Aim of the exercise >>
Write out every line of the material as it stands, apart from the pictures.

Supplied material >>
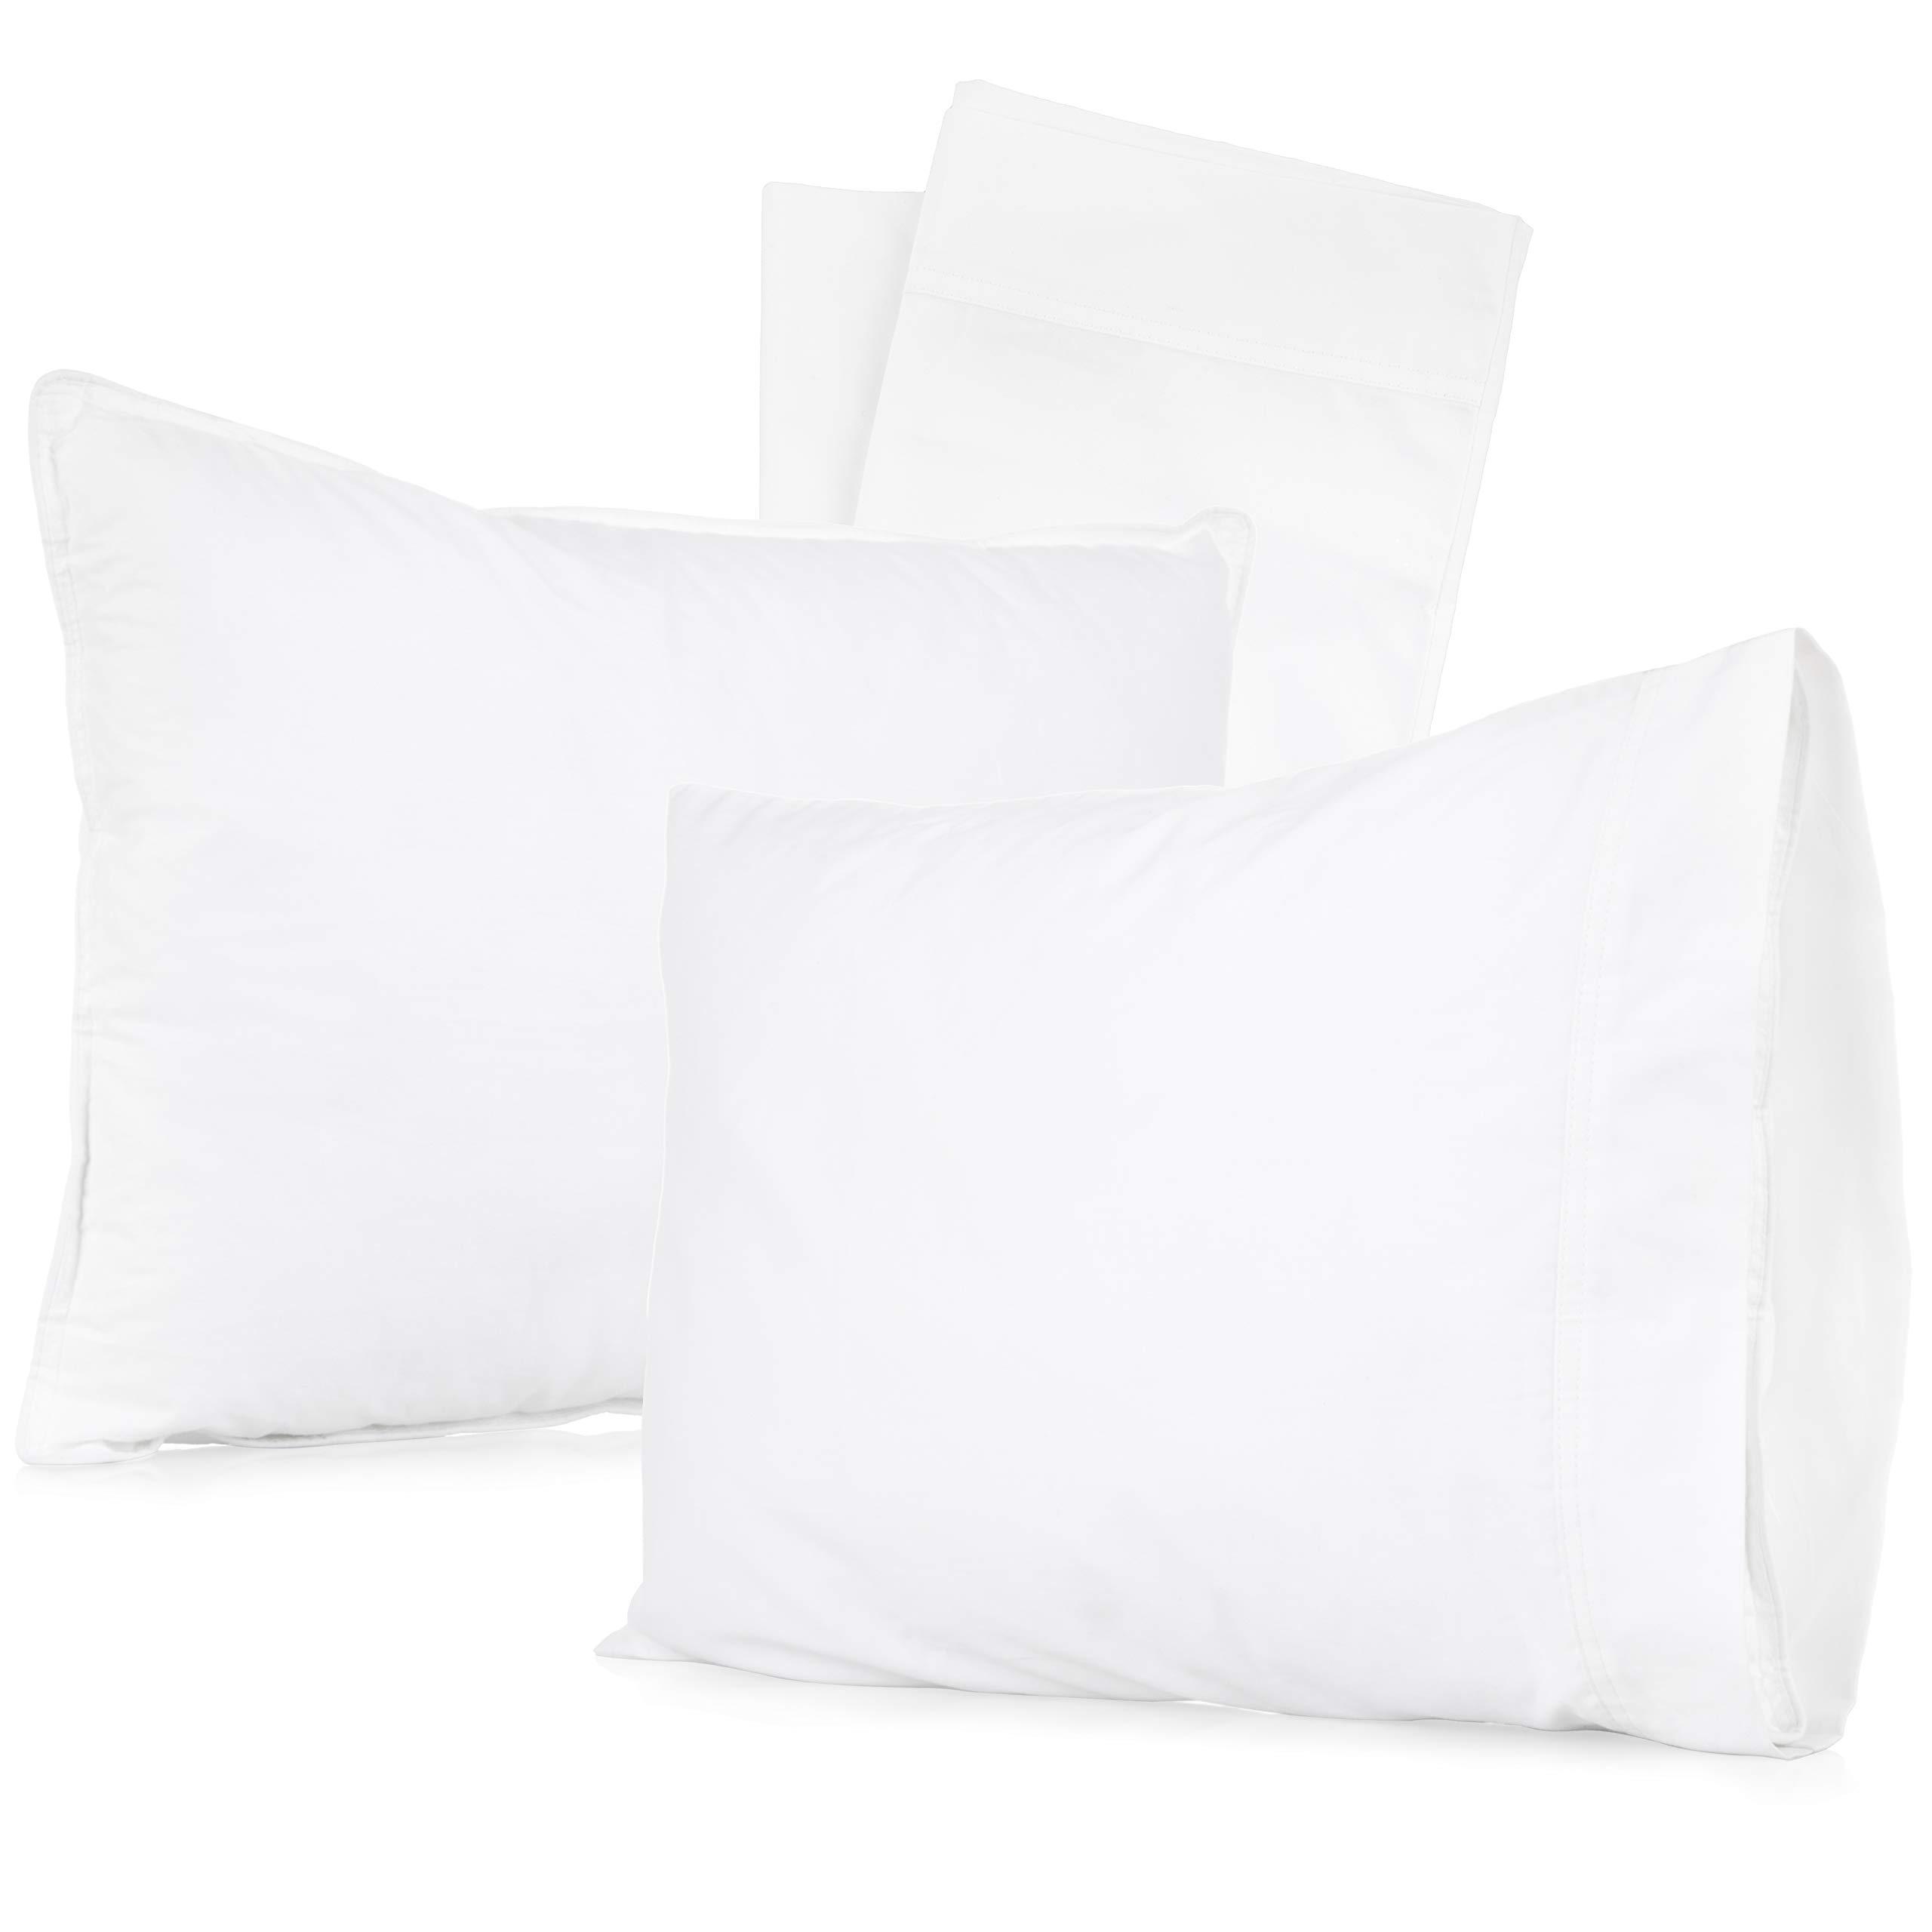 [4-Piece] 2 Pillows & 2 Pillowcases | Baby Toddler Pillows with Pillowcases | 13'' X 18'' Toddler Pillow Set | 100% Soft Organic Cotton | Zpex Baby Pillow & Pillowset by Zpex Baby Pillow
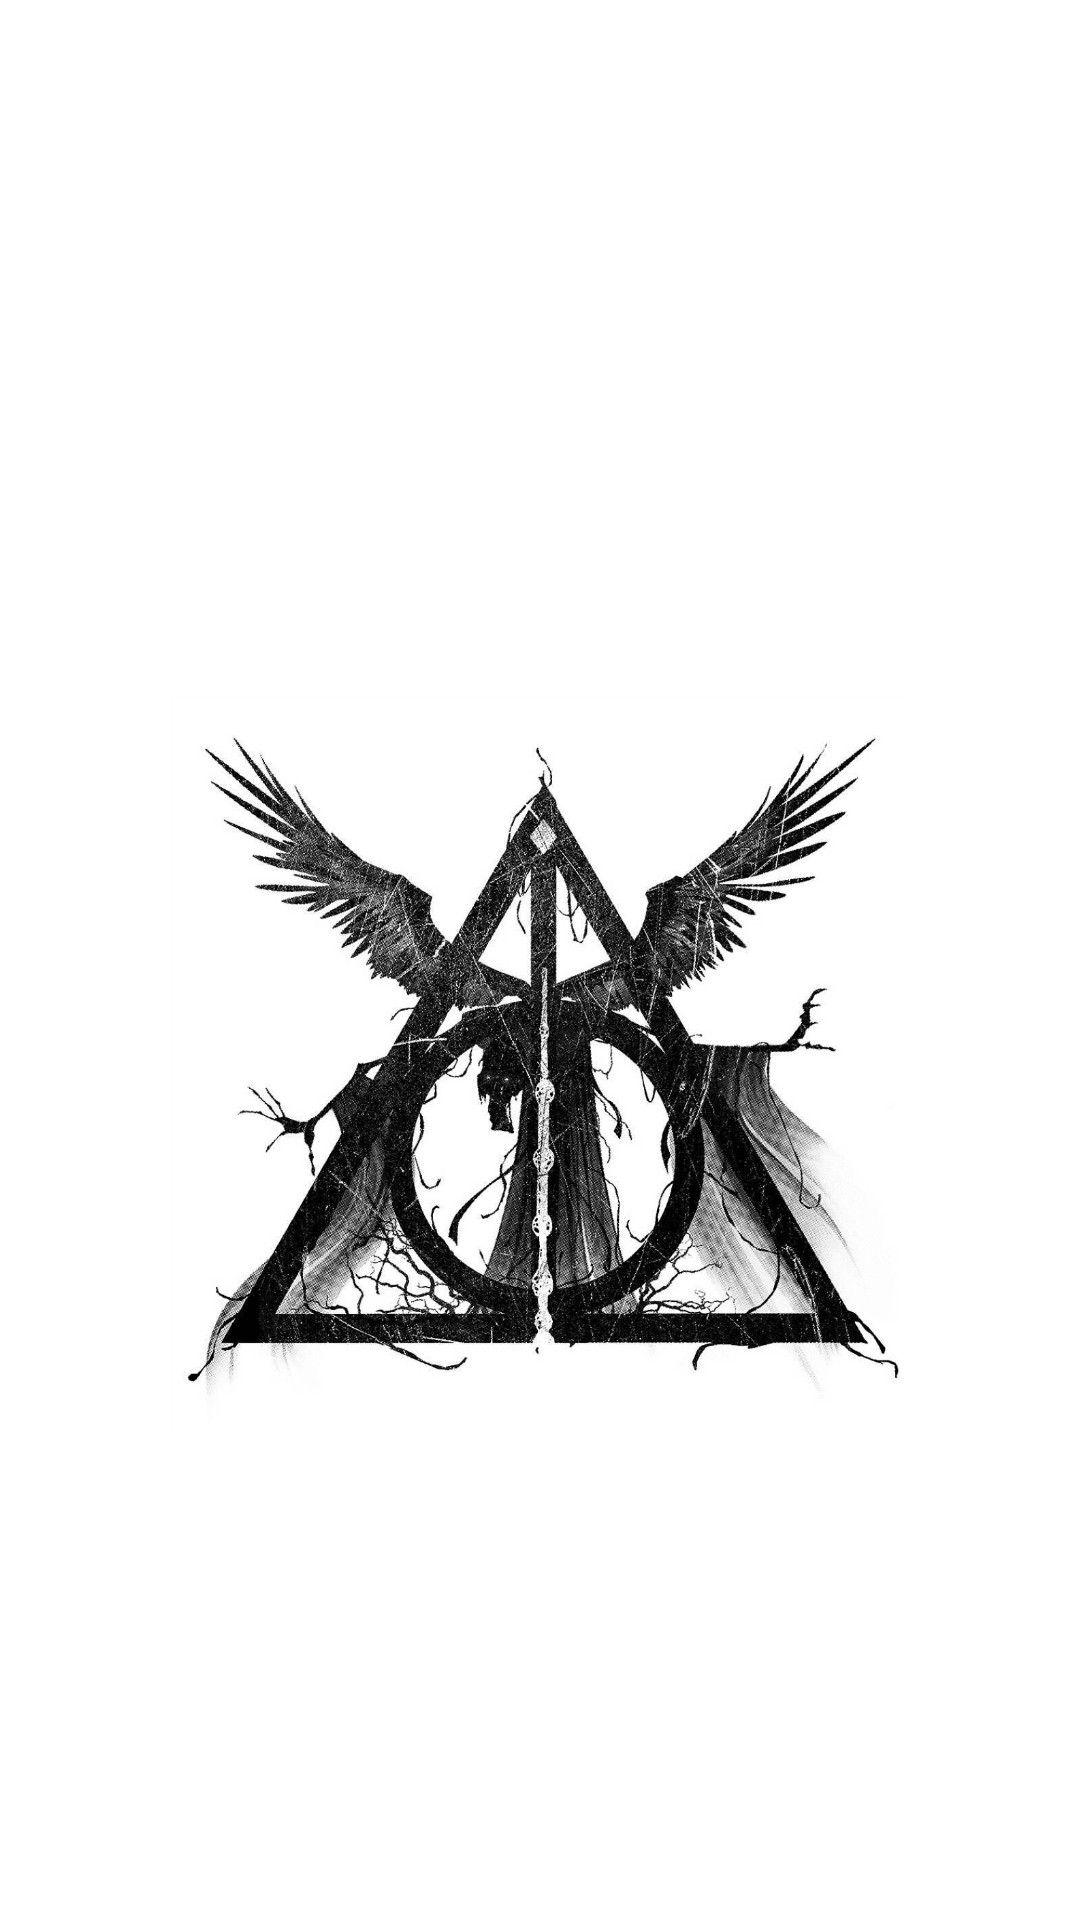 Pin Von Isabella Cristina Auf Harry Potter Heiligtumer Des Todes Heiligtumer Des Todes Tattoo Harry Potter Tattoos
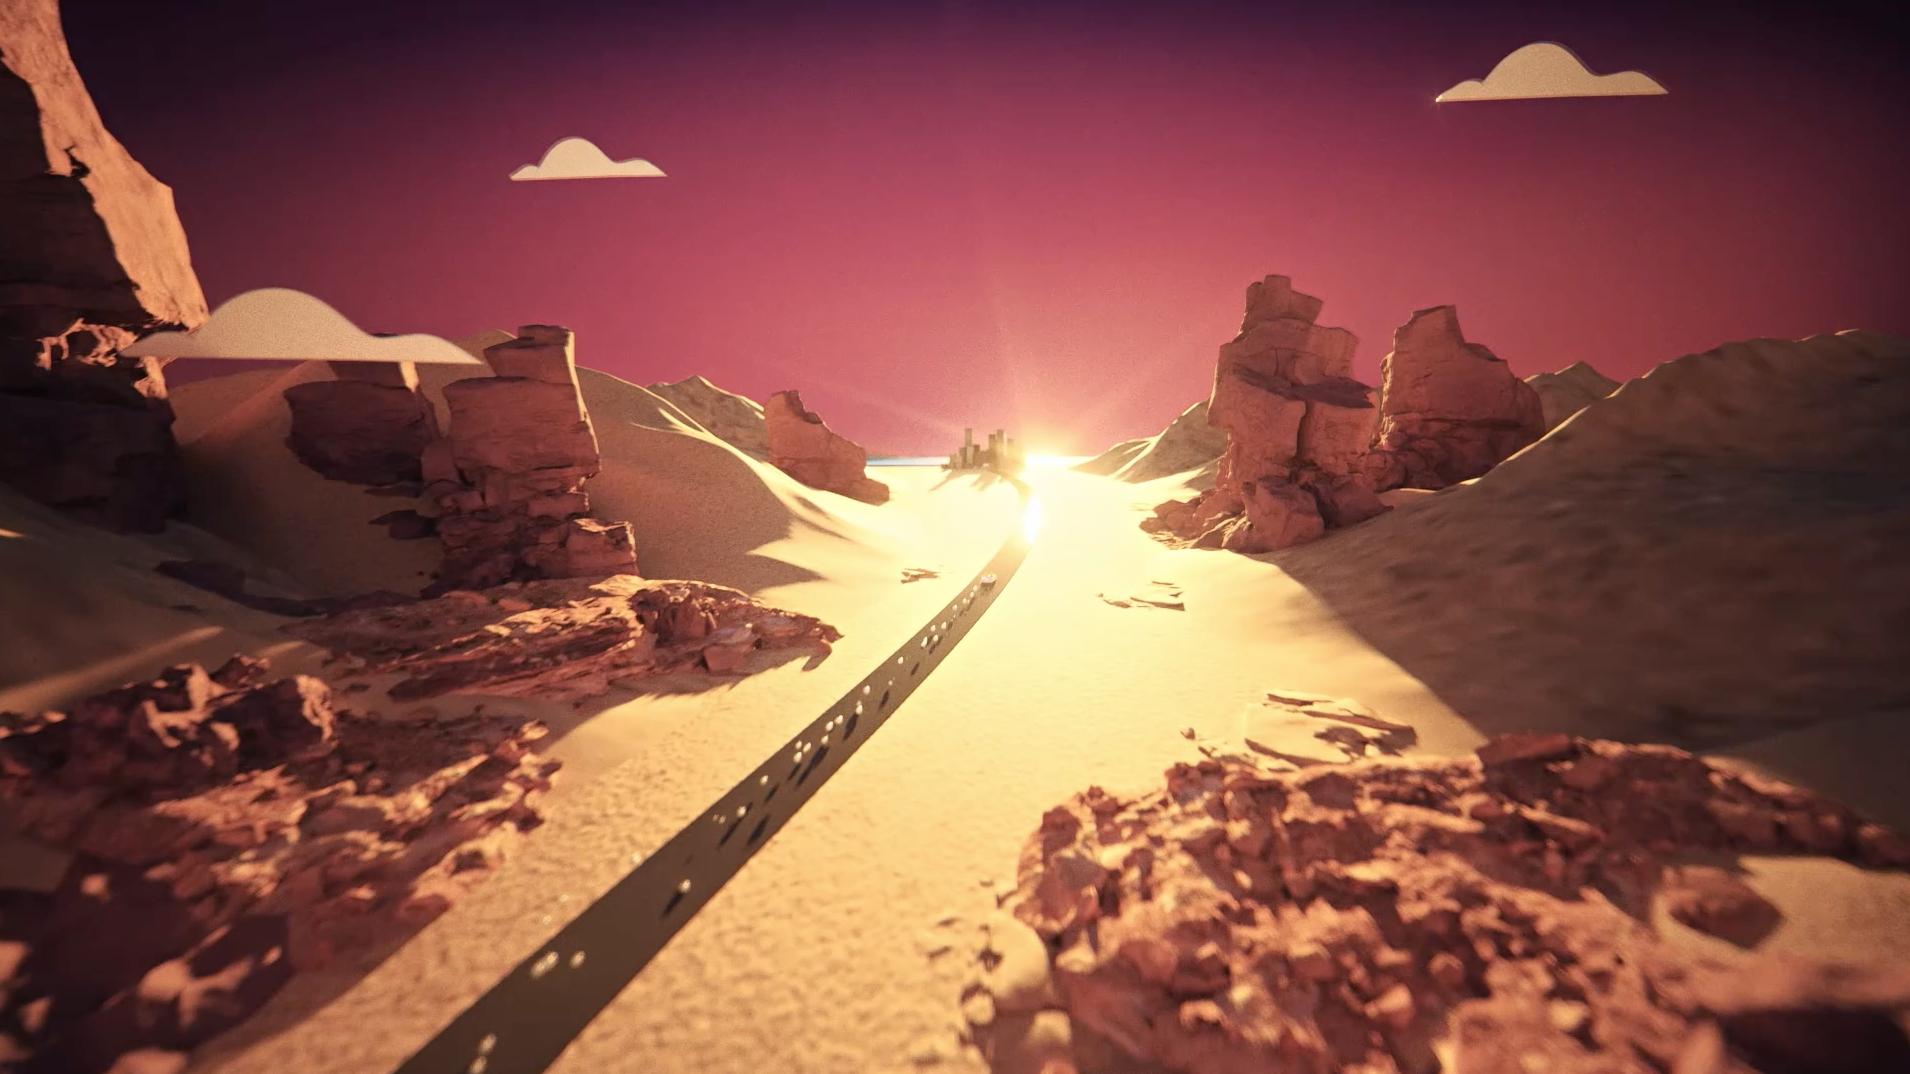 3d-motion-graphics-sunset

Output below >>
 [4-Piece] 2 Pillows & 2 Pillowcases | Baby Toddler Pillows with Pillowcases | 13'' X 18'' Toddler Pillow Set | 100% Soft Organic Cotton | Zpex Baby Pillow & Pillowset by Zpex Baby Pillow
 Pin Von Isabella Cristina Auf Harry Potter Heiligtumer Des Todes Heiligtumer Des Todes Tattoo Harry Potter Tattoos
 3d-motion-graphics-sunset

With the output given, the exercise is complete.